On February 2, 2017, CBS Radio announced it would merge with Entercom. The merger was approved on November 9, 2017, and was consummated on November 17.

On November 2, 2018, KOOL-FM switched to an all-Christmas music format, the only year it would do so; it returned to its regular format on December 26, 2018.

On September 28, 2022, at 10 am, after playing "I Want To Know What Love Is" by Foreigner, KOOL-FM began stunting with a loop of jingling sleigh bells and a voice like that of Santa Claus announcing "something special" was coming soon. At noon, the station relaunched as "Big 94.5", dropping the longtime branding by its call letters after 62 years, in a move mirroring a similar flip at cross-country sister station WOGL in Philadelphia done several months prior. The first song on "Big" was "Big Time" by Peter Gabriel.

==HD radio==
KOOL's HD Radio signal is multiplexed.
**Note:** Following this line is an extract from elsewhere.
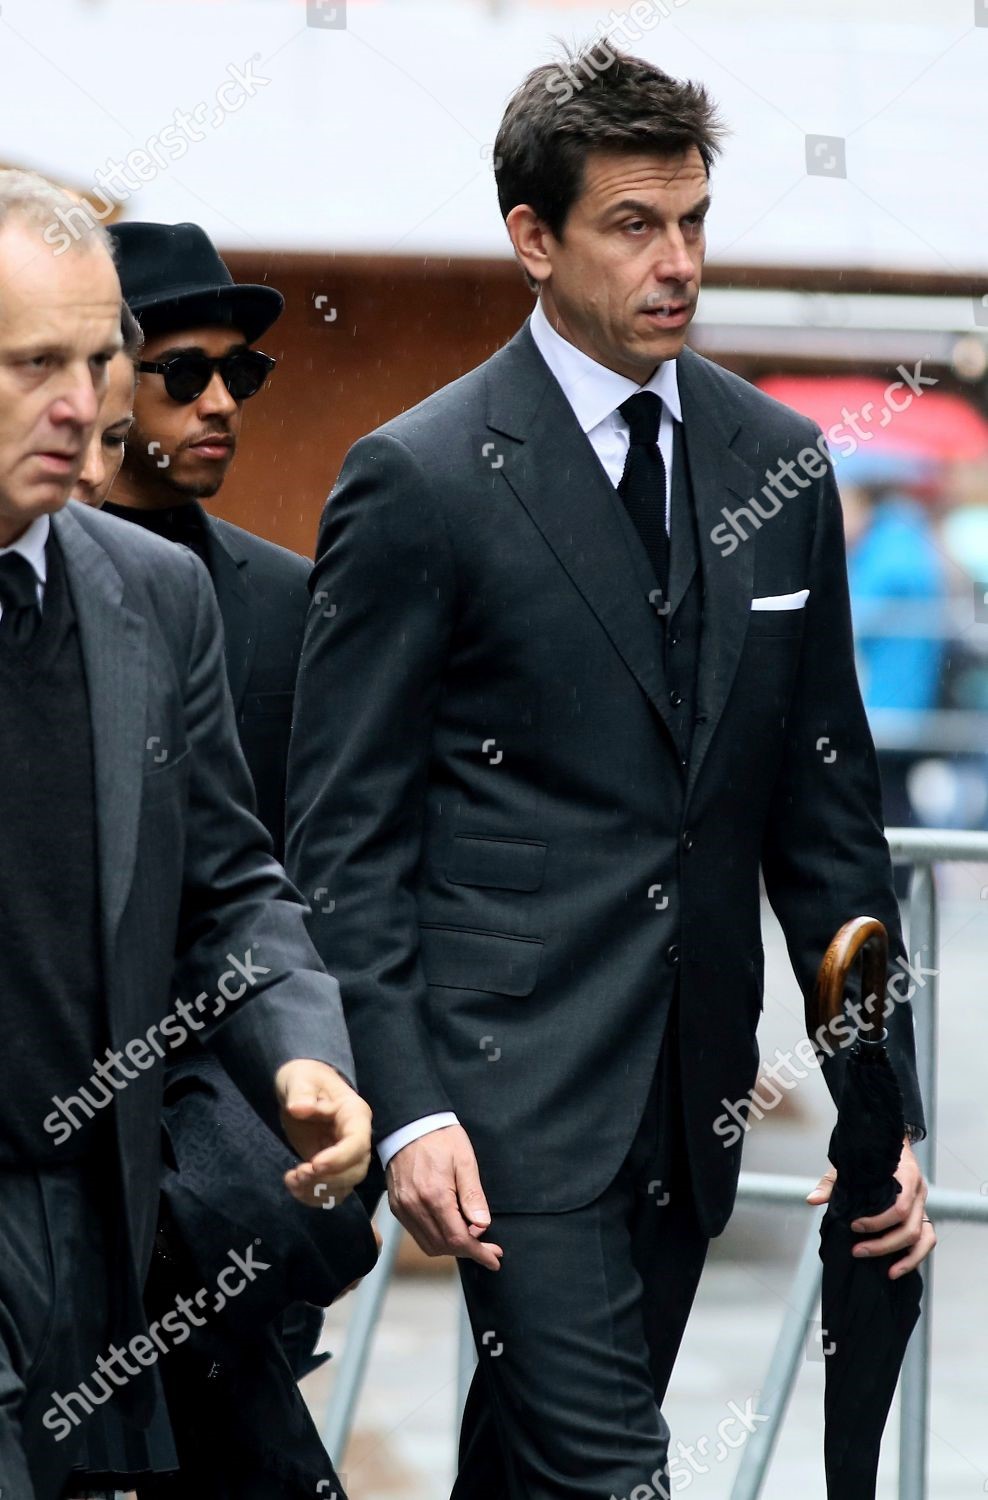 Toto Wolff at Lauda funeral in Vienna, Austria, in March 2019.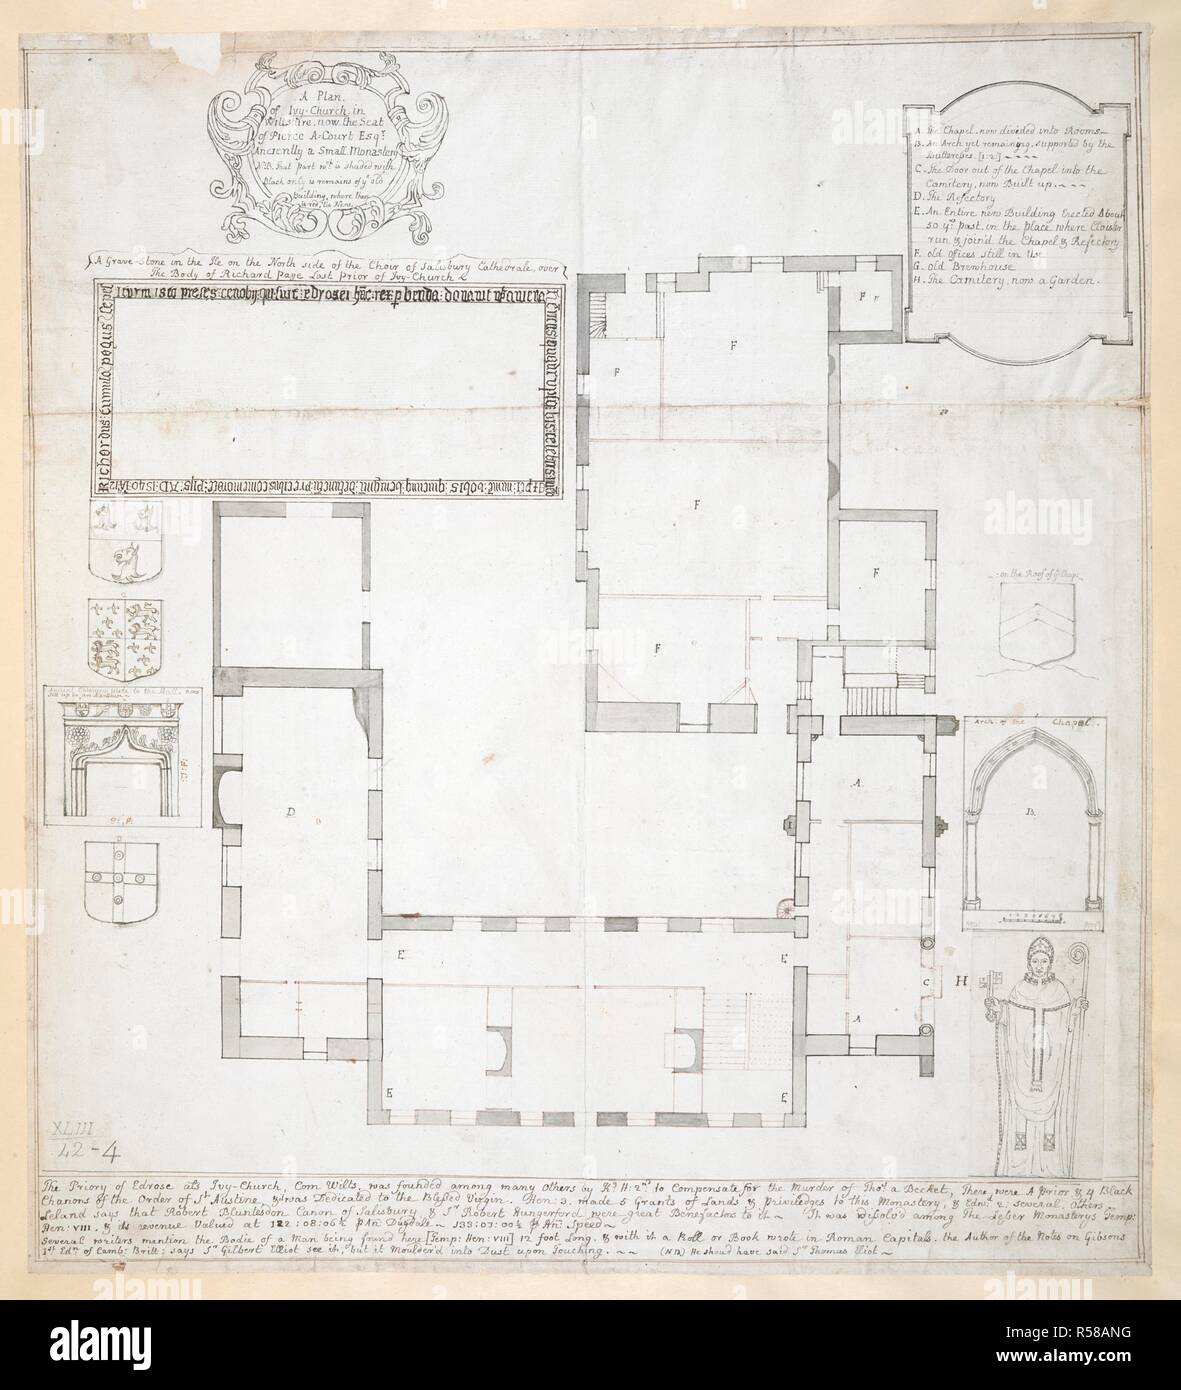 A plan, in Indian ink, of Ivy Church, in the parish of Alderbury. A Plan of Ivy-Church in Wiltshire : now the Seat of Pierce A'Court Esqr. Anciently a Small Monastery. [England] : [publisher not identified], [between 1720 and 1780?]. Source: Maps K.Top.43.42.4. Language: English. Stock Photo

The main signal is a simulcast of KOOL's classic hits programming. The HD2 formerly carried ROQ of the '80s, a new wave/classic alternative format originating from KROQ-FM HD2 in Los Angeles. The HD3 formerly aired All 70s, a.k.a. Your '70's Playlist. The HD2 subchannel now Carries a simulcast of KWSS-LP, which airs a community radio format.